ReutersMar 3, 2025 12:32 PM
  • Impact of U.S. tariffs on agriculture markets in focus
  • Dryness in U.S. supports wheat futures

Recasts with European trade, adds new comment, changes dateline

By Michael Hogan

- Chicago wheat rose on Monday from one-month lows hit on Friday as export-boosting dollar weakness generated bargain buying, while concern about crop weather in the U.S. and Black Sea region also supported.

Corn and soybeans were undermined by worries over the impact of U.S. President Donald Trump's tariffs on agricultural trade, both continuing weakness seen on Friday.

Chicago Board of Trade most-active wheat Wv1 was up 0.4% to $5.58 a bushel at 1211 GMT.

Corn Cv1 fell 0.6% to $4.66-1/2 a bushel. Soybeans Sv1 dropped 0.05% to $10.25-1/4 a bushel.

“Wheat is being supported by foreign exchange moves today with the dollar weakness generating some purchase interest after Friday’s falls in Chicago,” said Matt Ammermann, StoneX commodity risk manager.

“There is also some weather support with concern about dryness in the U.S. and Black Sea region. Rising Russian prices also mean that U.S. Gulf hard red winter wheat export prices are looking cheaper than Russian wheat for the first time in years.”

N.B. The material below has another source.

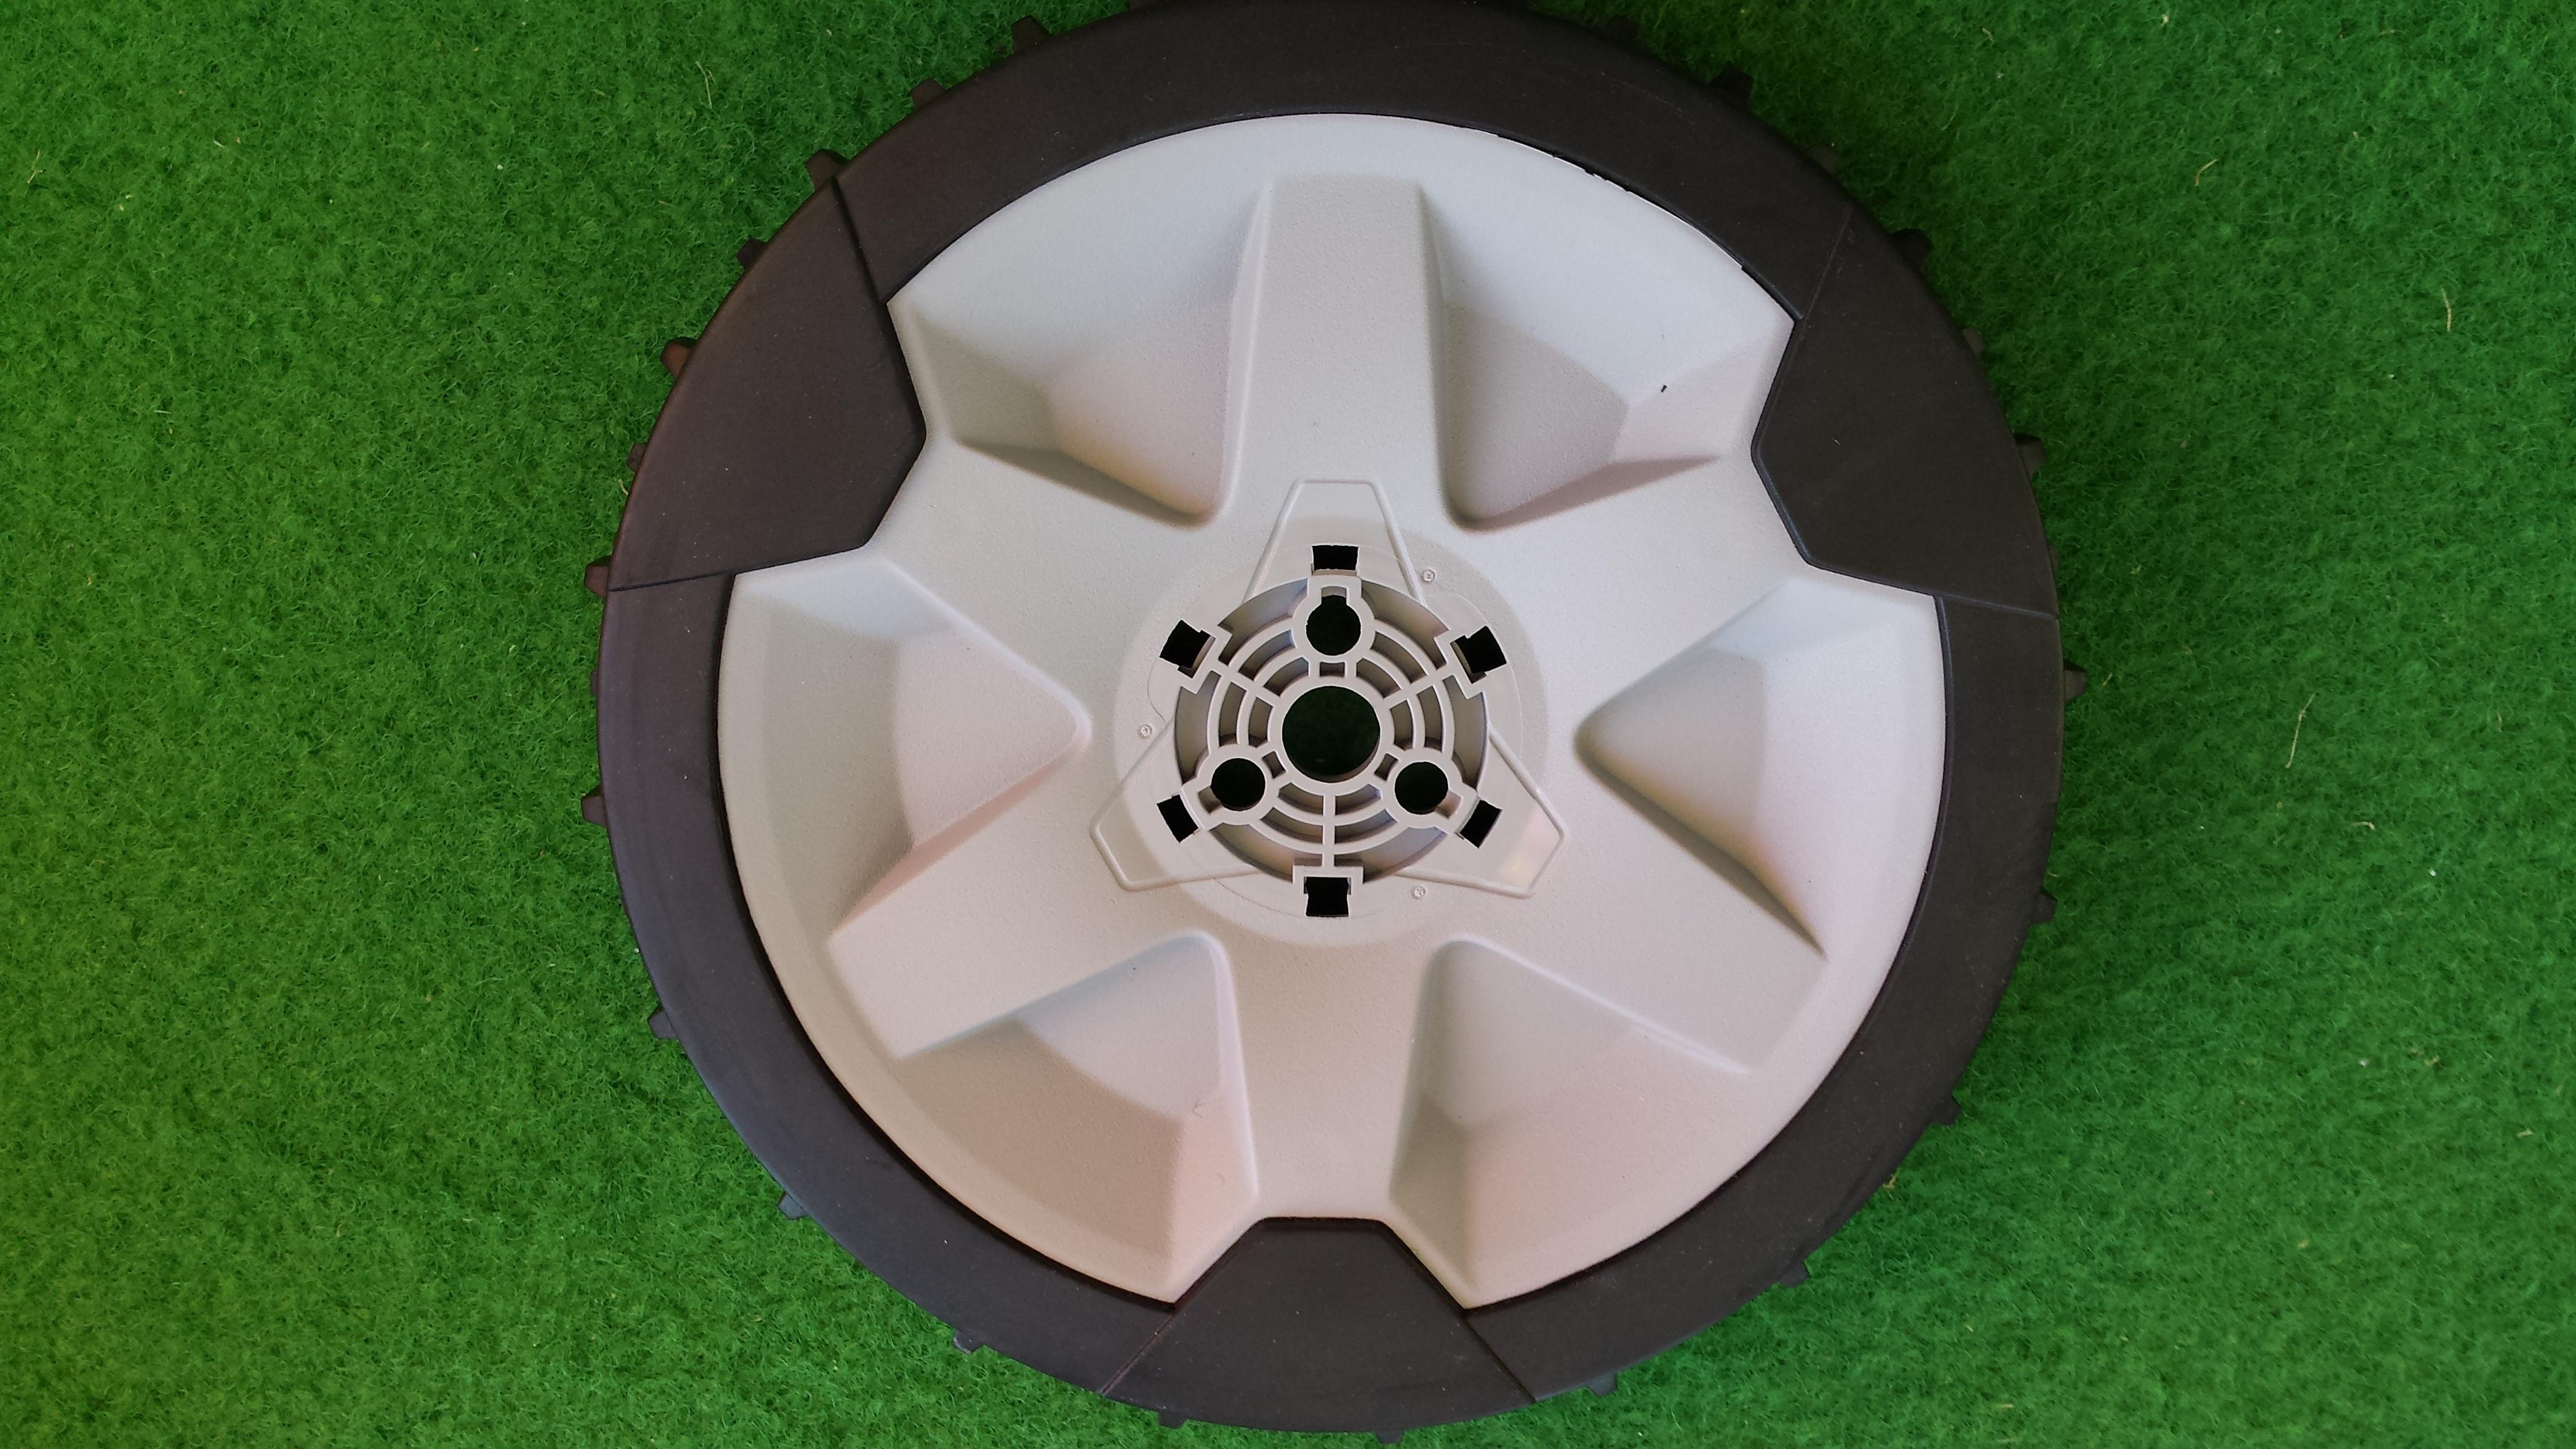 *Original* Husqvarna Radsatz für Automower 310 315 315X Hinterrad

Traders said a sale of 65,000 metric tons of U.S. animal feed wheat to South Korea underlined improving U.S. export competitiveness.

Concerns about possible retaliation against U.S. agricultural exports are growing as the Trump administration says new tariffs on imports from Mexico and Canada and additional tariffs on goods from China are set to begin on March 4.

China is a major importer of U.S. soybeans and Mexico is a key corn buyer while wheat could also be hit by retaliation against any U.S. tariffs.

“Corn and soybeans remain under downward pressure because of concern about the impact of any U.S. import tariffs on U.S. exports of agricultural commodities," Ammermann said. "U.S. grain and soybean exports could be in the line of for retaliation as China especially hardly buys any other U.S. products.”